# Skoda Octavia WRC edition



## impact (Feb 6, 2002)

To celebrate the 100th anniversary of taking part in motorsports, Skoda has created the Octavia RS WRC Edition and manufactured 100 of them. It's basically an RS with a different paintjob and a few goodies thrown in like 17" alloys, xenons, heated seats, ESP...
































And supposedly they are all sold out already...


----------



## Philc (Jan 24, 2002)

*Re: Skoda Octavia WRC edition (impact)*

I saw one in my dealer's back in January. Very smart, but seemed expensive, and Not exactly discreet!
Phil


----------



## dmac1969 (Jun 29, 2001)

*Re: Skoda Octavia WRC edition (Philc)*

I believe they are priced at around £21,000 , while the standard RS is £15,100 plus options. A lot of money for a few graphics , xenon lamps and heated seats!


----------



## impact (Feb 6, 2002)

*Re: Skoda Octavia WRC edition (dmac1969)*

Yeah but there's only 100 of them, so I'm guessing the price will go up as the car gets older.


----------



## RS_Skoda (Oct 16, 2001)

*Re: Skoda Octavia WRC edition (impact)*

My dealer got one in and kept it for himself. Not much point in moaning about the price cos all 100 will (or have) go/gone easily I reckon. 100 years doesn't come round that often anyway, in fact every...

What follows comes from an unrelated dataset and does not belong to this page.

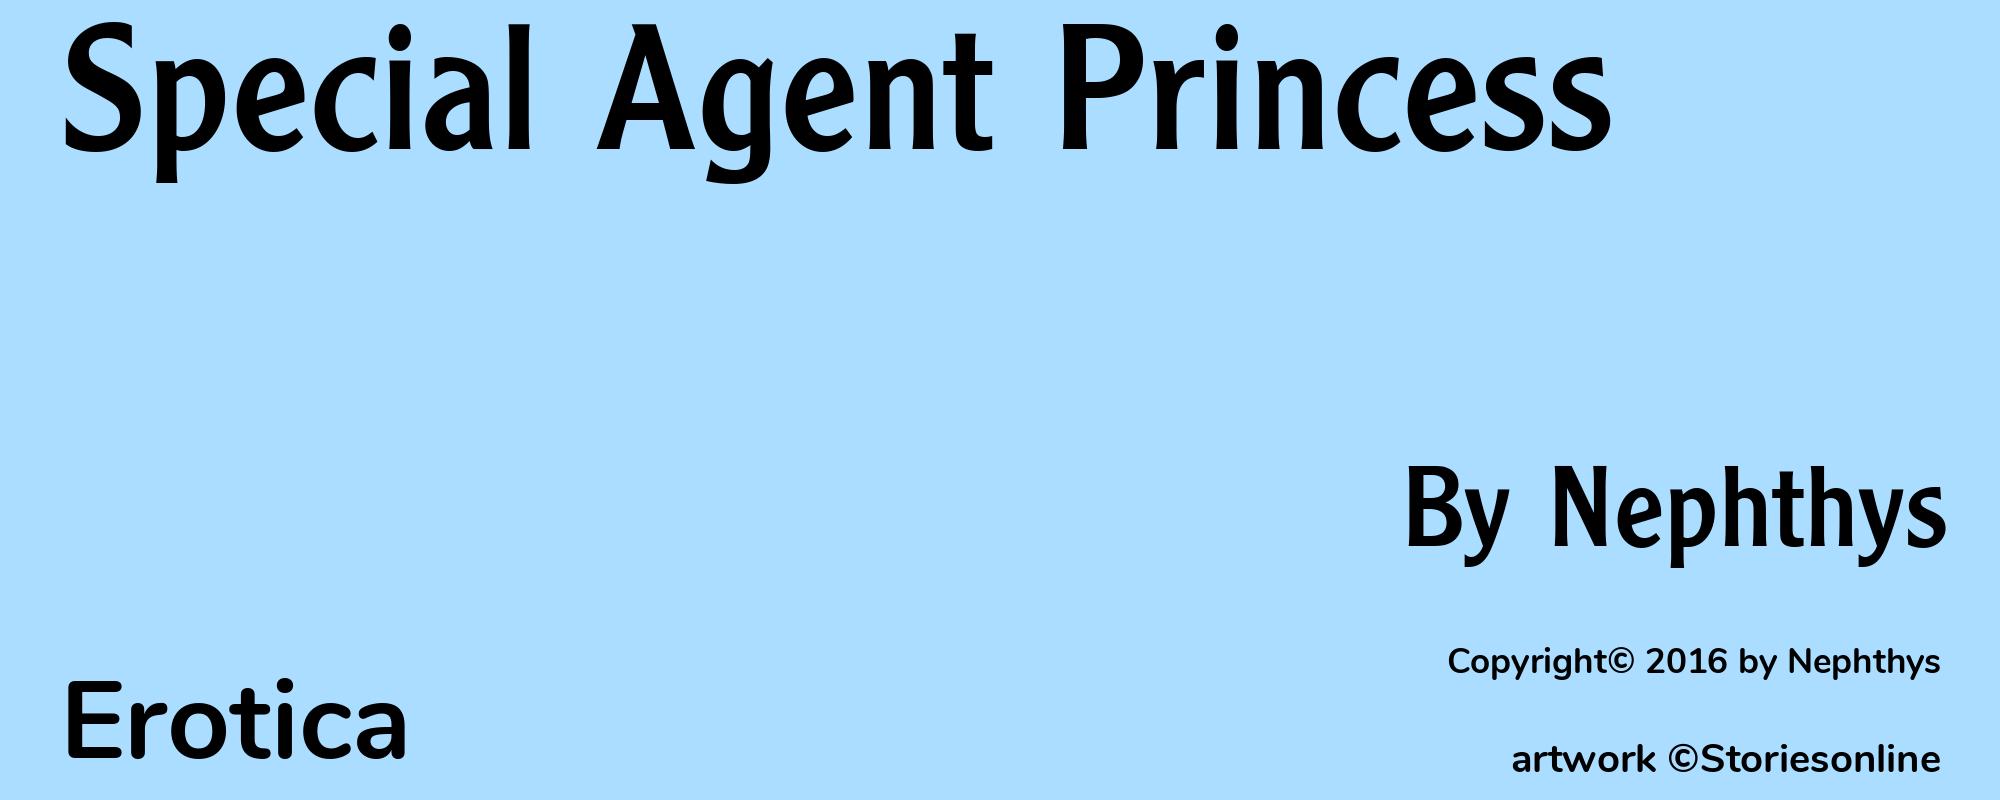 Special Agent Princess - Cover

The final production models have white wheels and look much better than the car in the pic. I really liked the look of it, although I agree it's not very discrete.


----------



## scooterfx50 (Apr 11, 2002)

*Re: Skoda Octavia WRC edition (impact)*

Is It just me or doe's it remind you of a german police car,
do you get the flashing blue light's at that price. Still I would'nt say no
to it(I'd still have to take a hair dryer to the dabbity's though)

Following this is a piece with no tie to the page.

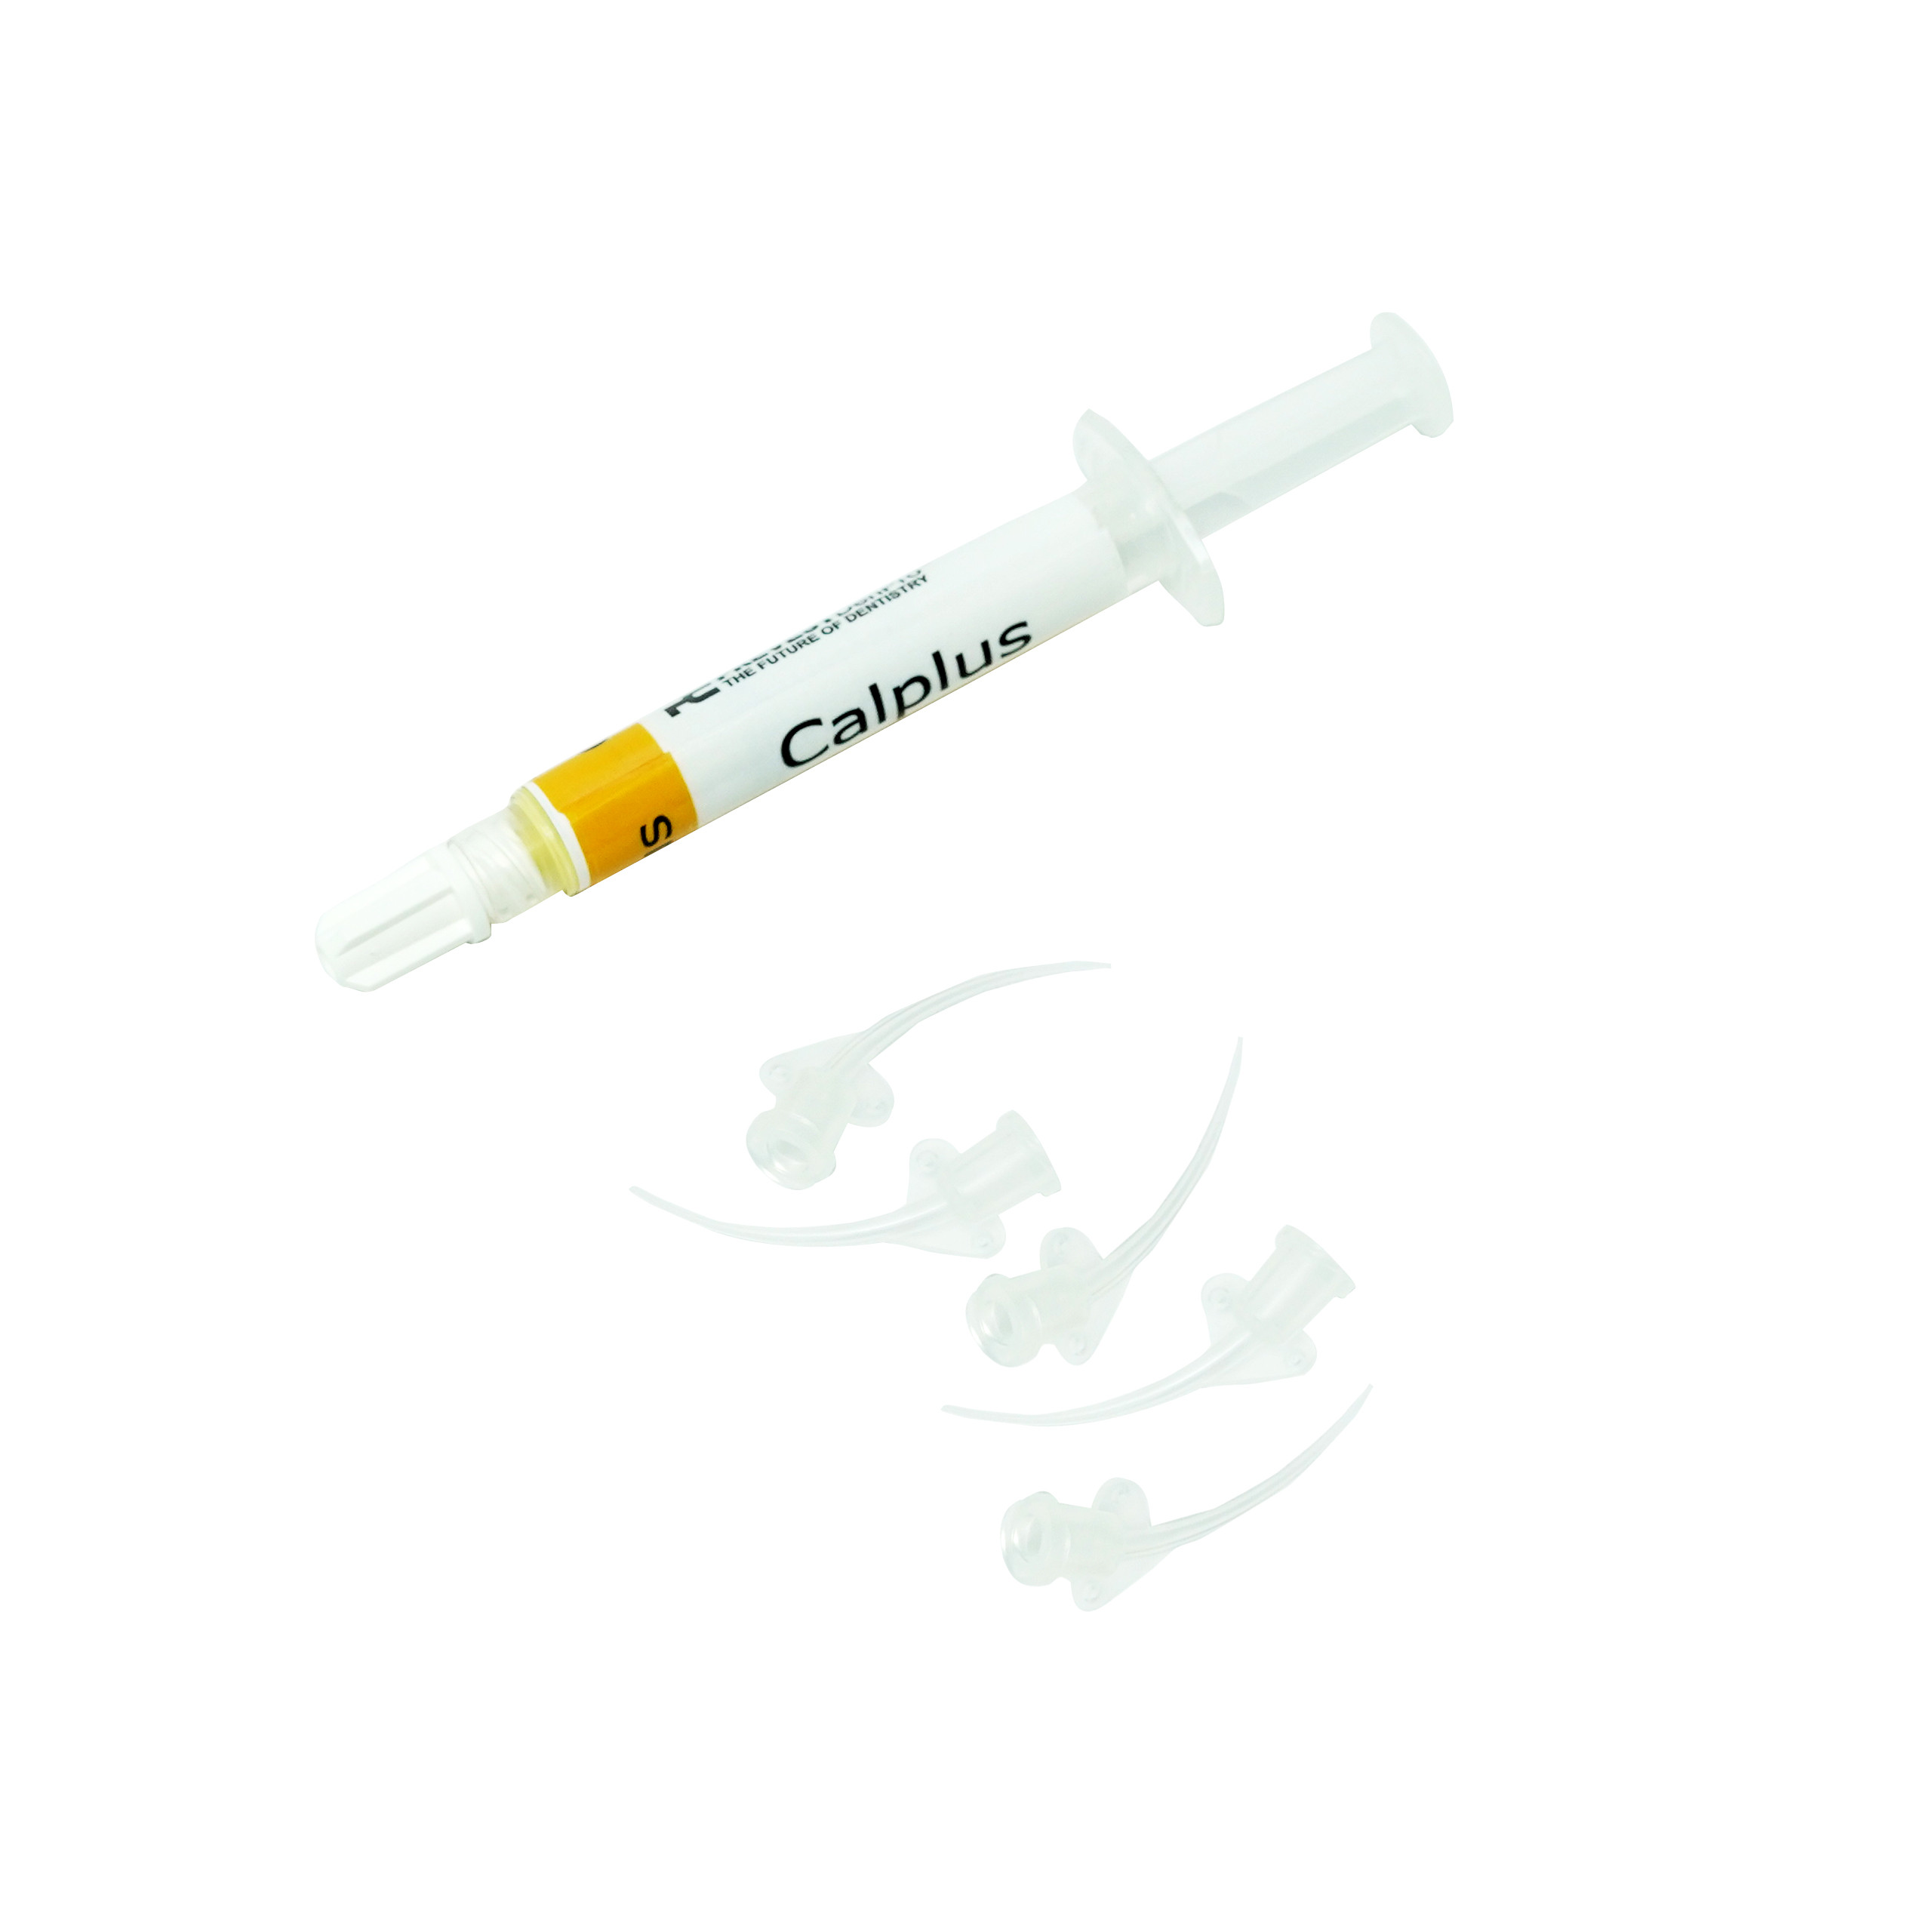 Prevest Denpro CalPlus Calcium Hydroxide Paste 2gm Syringe

bye scoooter http://****************.com/smile/emthup.gif


----------



## farfrummugen (Jul 22, 2001)

*Re: Skoda Octavia WRC edition (impact)*

you europeans are so freakin' lucky! i want one.


----------



## sixtysixofonehundred (May 7, 2002)

*Re: Skoda Octavia WRC edition (farfrummugen)*

Got one, and yes it does have white alloys, dealer told me that bhp was 225?


----------



## stopan1j (Aug 11, 2001)

*Re: Skoda Octavia WRC edition (sixtysixofonehundred)*

Simple to check look in your service book first page vehicle data sticker the normal 180bhp RS is engine code AUQ 132KW.
As far as I know its the same as the standard RS unit, I would like to be proved wrong though.
Enjoy youir car I bet if you got a £ for every look the car gets it would soon pay for itself


----------



## BAAHEED (Jan 23, 2002)

*Re: Skoda Octavia WRC edition (sixtysixofonehundred)*

Hi 66 I'm local to you and I'm sure I saw you heading north at Forfar a couple of weeks back. I'll keep my eyes peeled for you in the future. Are you using your car daily or is it a collectors item ?


----------



## diho (Jan 21, 2002)

*Re: Skoda Octavia WRC edition (sixtysixofonehundred)*

In a test in the German Magazin Auto Motor und Sport they said that it was thr original 180hp engine.


----------



## sixtysixofonehundred (May 7, 2002)

*Re: Skoda Octavia WRC edition (BAAHEED)*

Yeah I use the car daily, work in Norway, so the car will be hidden the 3 weeks I am away, one of the lads mentioned something about a certificate and special WRC key, I have not received any cert. but the key is like a little flick knife, you press the chrome button and the key flicks out the side of the unit.


----------



## BAAHEED (Jan 23, 2002)

*Re: Skoda Octavia WRC edition (sixtysixofonehundred)*

The key sounds like the standard issue I,m afraid. I would certainly think you should get a certificate. Is yours the car that was in hte Skoda/mitsubishi dealer in DD I,m sure I looked at that one I remember the 66 and thinking it would be mean if it was 666


----------



## sixtysixofonehundred (May 7, 2002)

*Re: Skoda Octavia WRC edition (BAAHEED)*

Will talk with the dealer tomorrow about cert, lots of Skoda taxis in dundee just now but haven't spotted an RS.


----------



## ross (Jan 8, 2002)

*Re: Skoda Octavia WRC edition (sixtysixofonehundred)*

I'm guessing it wasn't 66 or Baaheed (due to the very subtle colours of their cars







) but was anyone here heading from Aberdeen south to Edinburgh yesterday afternoon? A black RS followed me (in my black RS) for a while then took off (either didn't know where the speed cameras were, or just knew them better than me!!). 
Whoever it was didn't even look when they passed - I was expecting at least a nod.......(sobs.....)


----------



## BAAHEED (Jan 23, 2002)

*Re: Skoda Octavia WRC edition (ross)*

Don't worry Ross if I see you you'll know.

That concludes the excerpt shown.